● **Task details**
Starting at the line below with "Jana Bröcker" and stopping at the line with "Crystal Oscillator Euroquartz", please print each line exactly, those two included, and skip every picture.

Source data section start

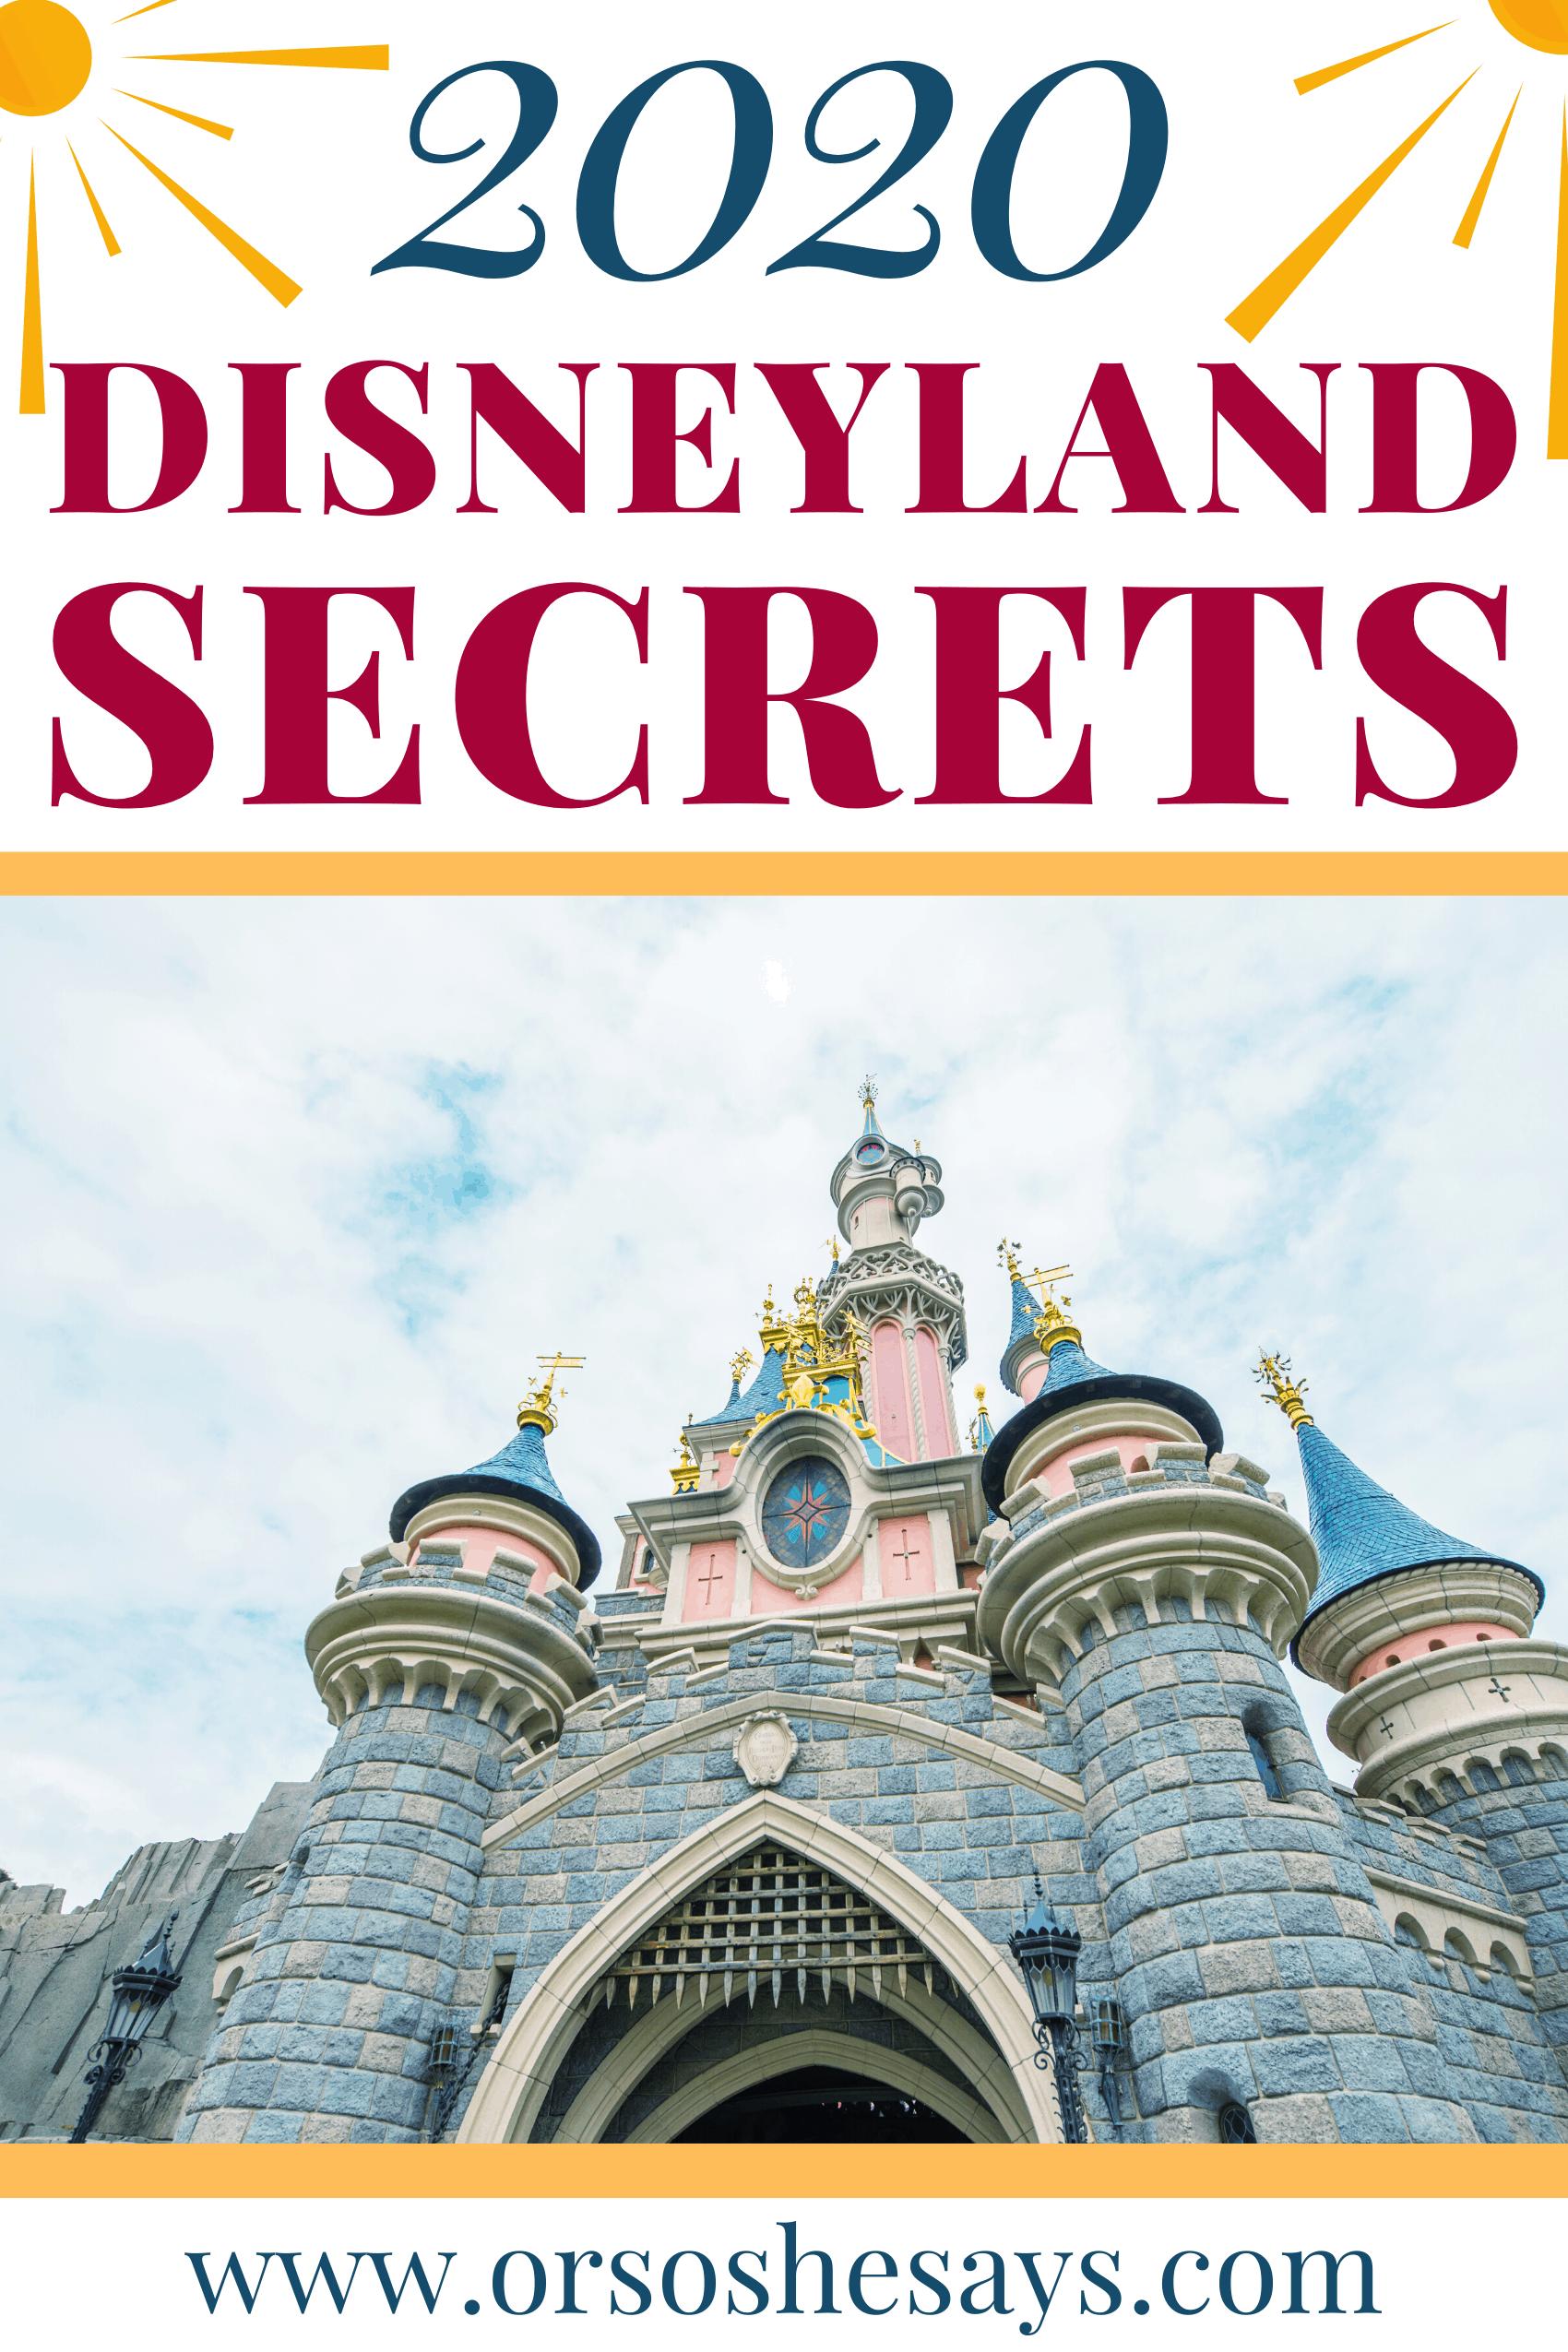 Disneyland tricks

Source data section end
Source data section start

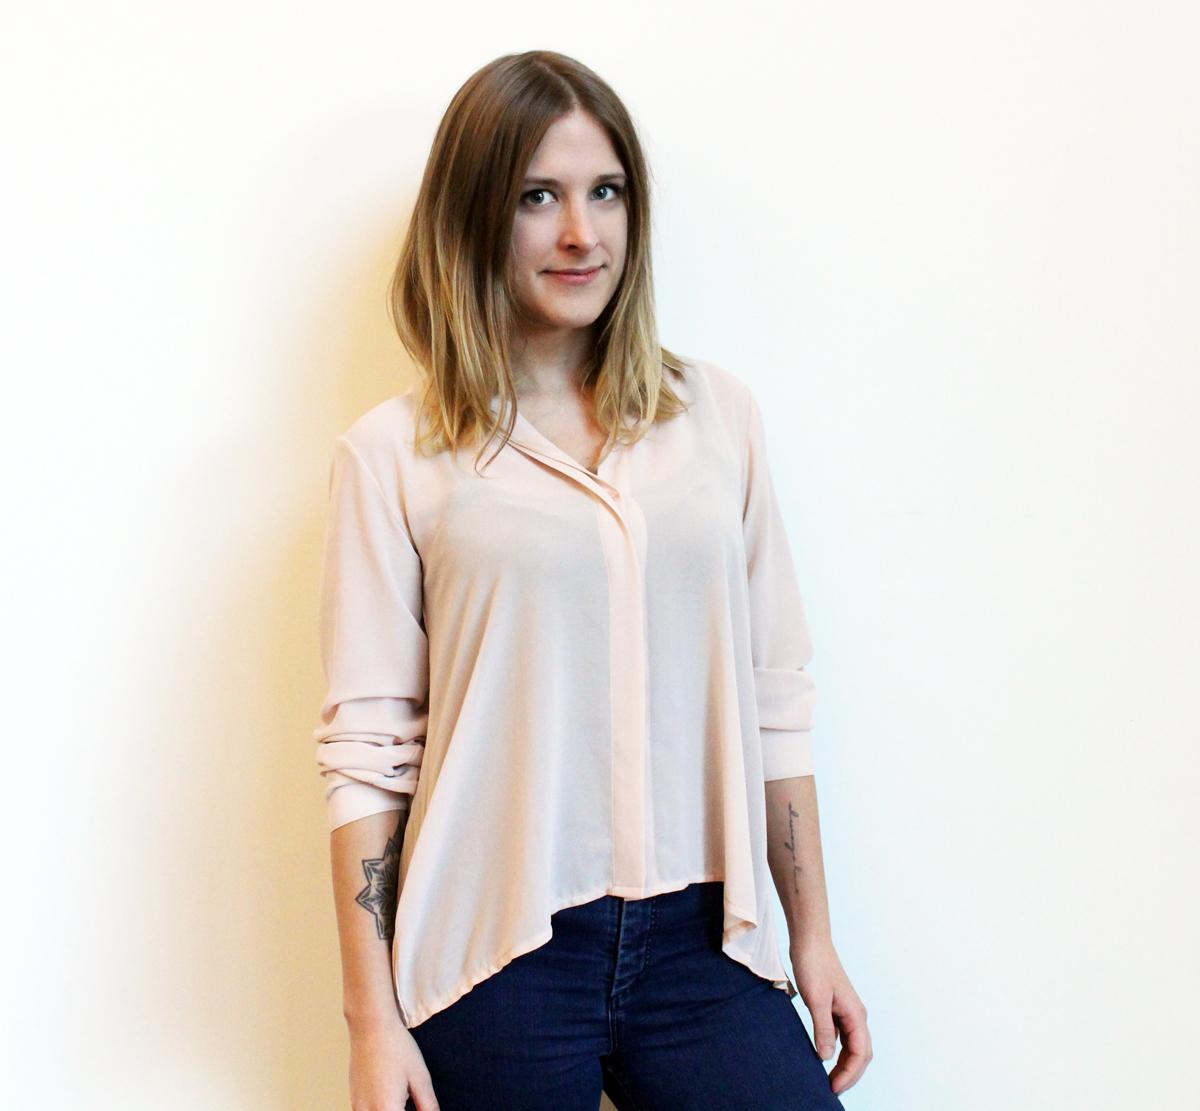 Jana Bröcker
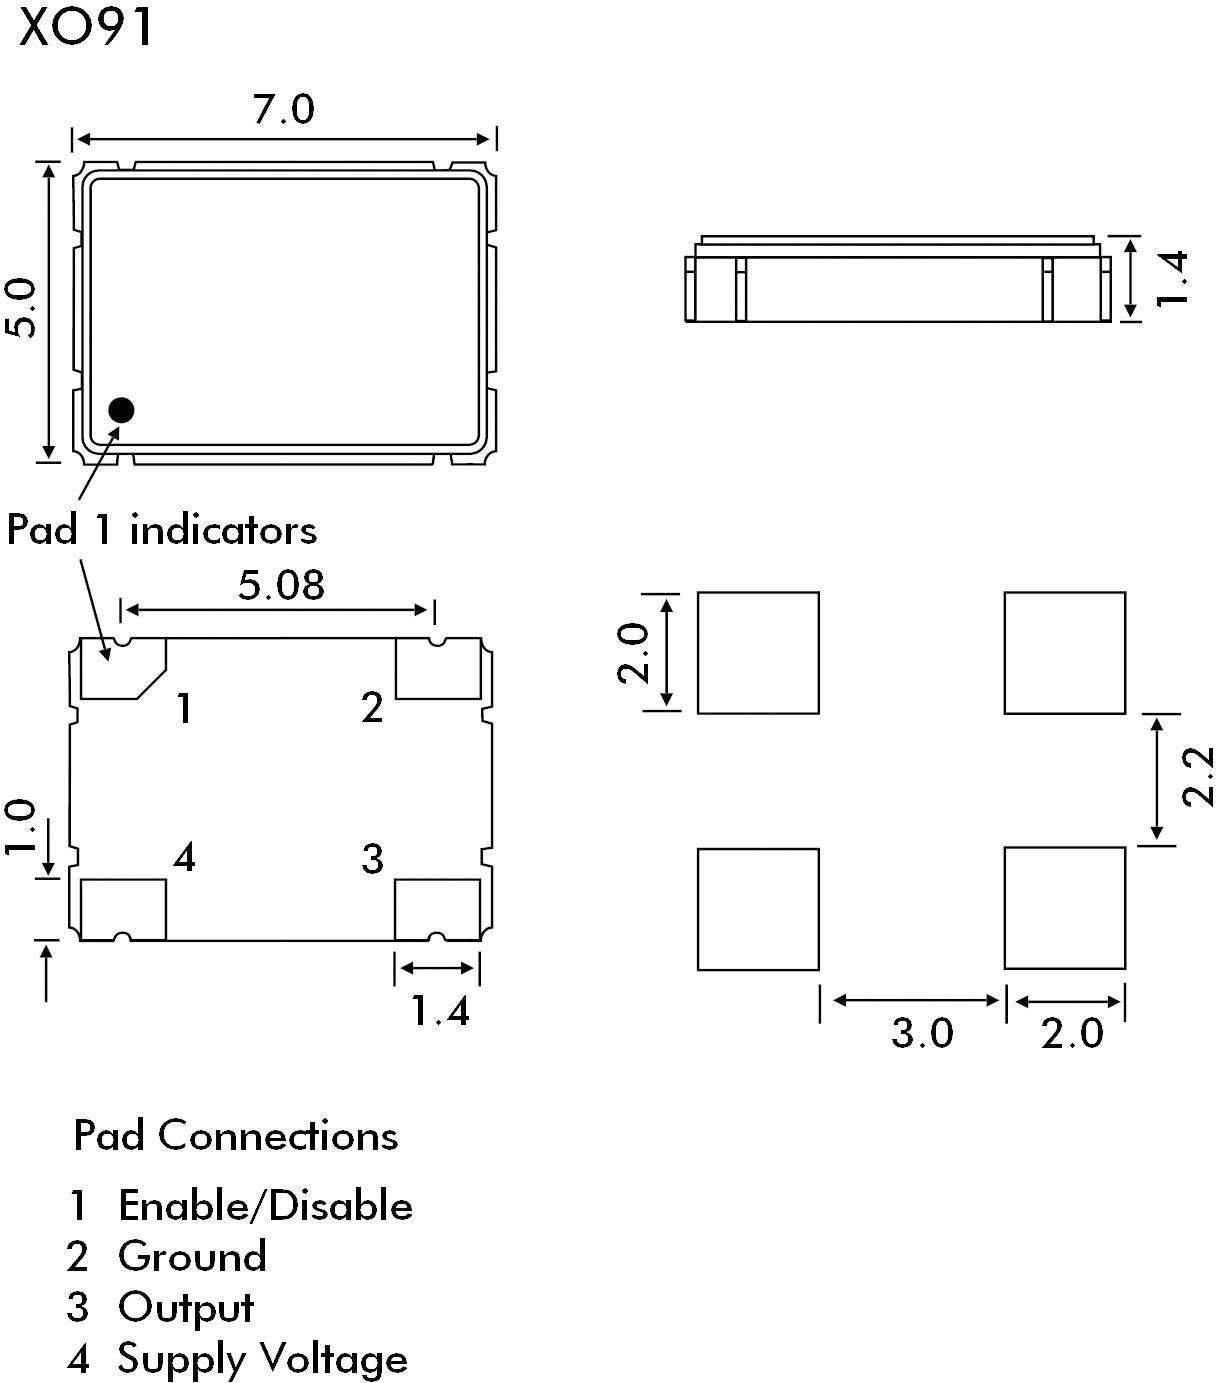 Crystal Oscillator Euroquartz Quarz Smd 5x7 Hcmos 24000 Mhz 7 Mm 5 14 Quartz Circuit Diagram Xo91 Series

Source data section end

● **Result for this task**
 Jana Bröcker
 Crystal Oscillator Euroquartz Quarz Smd 5x7 Hcmos 24000 Mhz 7 Mm 5 14 Quartz Circuit Diagram Xo91 Series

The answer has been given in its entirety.